What the task requires: Search the material below for lines containing the string "Sunglasses", and copy every one you find.

Record set:
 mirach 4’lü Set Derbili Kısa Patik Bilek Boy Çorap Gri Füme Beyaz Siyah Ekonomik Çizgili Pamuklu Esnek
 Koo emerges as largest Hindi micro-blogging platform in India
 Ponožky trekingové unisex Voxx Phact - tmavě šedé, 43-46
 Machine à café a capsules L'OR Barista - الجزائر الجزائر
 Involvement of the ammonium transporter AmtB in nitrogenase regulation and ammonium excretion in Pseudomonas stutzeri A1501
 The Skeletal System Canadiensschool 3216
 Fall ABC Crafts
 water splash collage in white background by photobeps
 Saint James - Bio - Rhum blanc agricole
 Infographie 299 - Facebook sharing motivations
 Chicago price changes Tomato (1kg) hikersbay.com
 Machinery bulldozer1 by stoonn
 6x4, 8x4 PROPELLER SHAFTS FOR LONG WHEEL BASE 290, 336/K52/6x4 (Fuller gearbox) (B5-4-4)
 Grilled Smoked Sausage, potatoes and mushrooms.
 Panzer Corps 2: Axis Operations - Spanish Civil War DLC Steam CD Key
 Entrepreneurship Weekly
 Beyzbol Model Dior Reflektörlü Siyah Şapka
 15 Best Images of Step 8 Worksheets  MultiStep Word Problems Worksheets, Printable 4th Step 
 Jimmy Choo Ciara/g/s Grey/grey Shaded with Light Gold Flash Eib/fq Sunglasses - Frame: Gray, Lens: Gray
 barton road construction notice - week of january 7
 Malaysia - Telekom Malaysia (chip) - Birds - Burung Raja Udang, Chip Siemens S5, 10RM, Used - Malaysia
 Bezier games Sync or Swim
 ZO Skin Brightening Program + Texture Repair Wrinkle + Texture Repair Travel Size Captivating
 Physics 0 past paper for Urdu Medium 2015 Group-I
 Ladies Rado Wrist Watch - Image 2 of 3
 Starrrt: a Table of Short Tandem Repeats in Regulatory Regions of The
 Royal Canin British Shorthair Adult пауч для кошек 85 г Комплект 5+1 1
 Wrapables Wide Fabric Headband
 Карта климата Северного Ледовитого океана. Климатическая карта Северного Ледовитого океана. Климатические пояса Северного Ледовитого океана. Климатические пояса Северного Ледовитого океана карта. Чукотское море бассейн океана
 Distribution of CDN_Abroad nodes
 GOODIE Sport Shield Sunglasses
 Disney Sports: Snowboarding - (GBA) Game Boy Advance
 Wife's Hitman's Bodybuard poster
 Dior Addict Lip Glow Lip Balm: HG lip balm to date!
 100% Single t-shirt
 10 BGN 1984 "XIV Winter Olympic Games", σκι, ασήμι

Task solution:
 Jimmy Choo Ciara/g/s Grey/grey Shaded with Light Gold Flash Eib/fq Sunglasses - Frame: Gray, Lens: Gray
 GOODIE Sport Shield Sunglasses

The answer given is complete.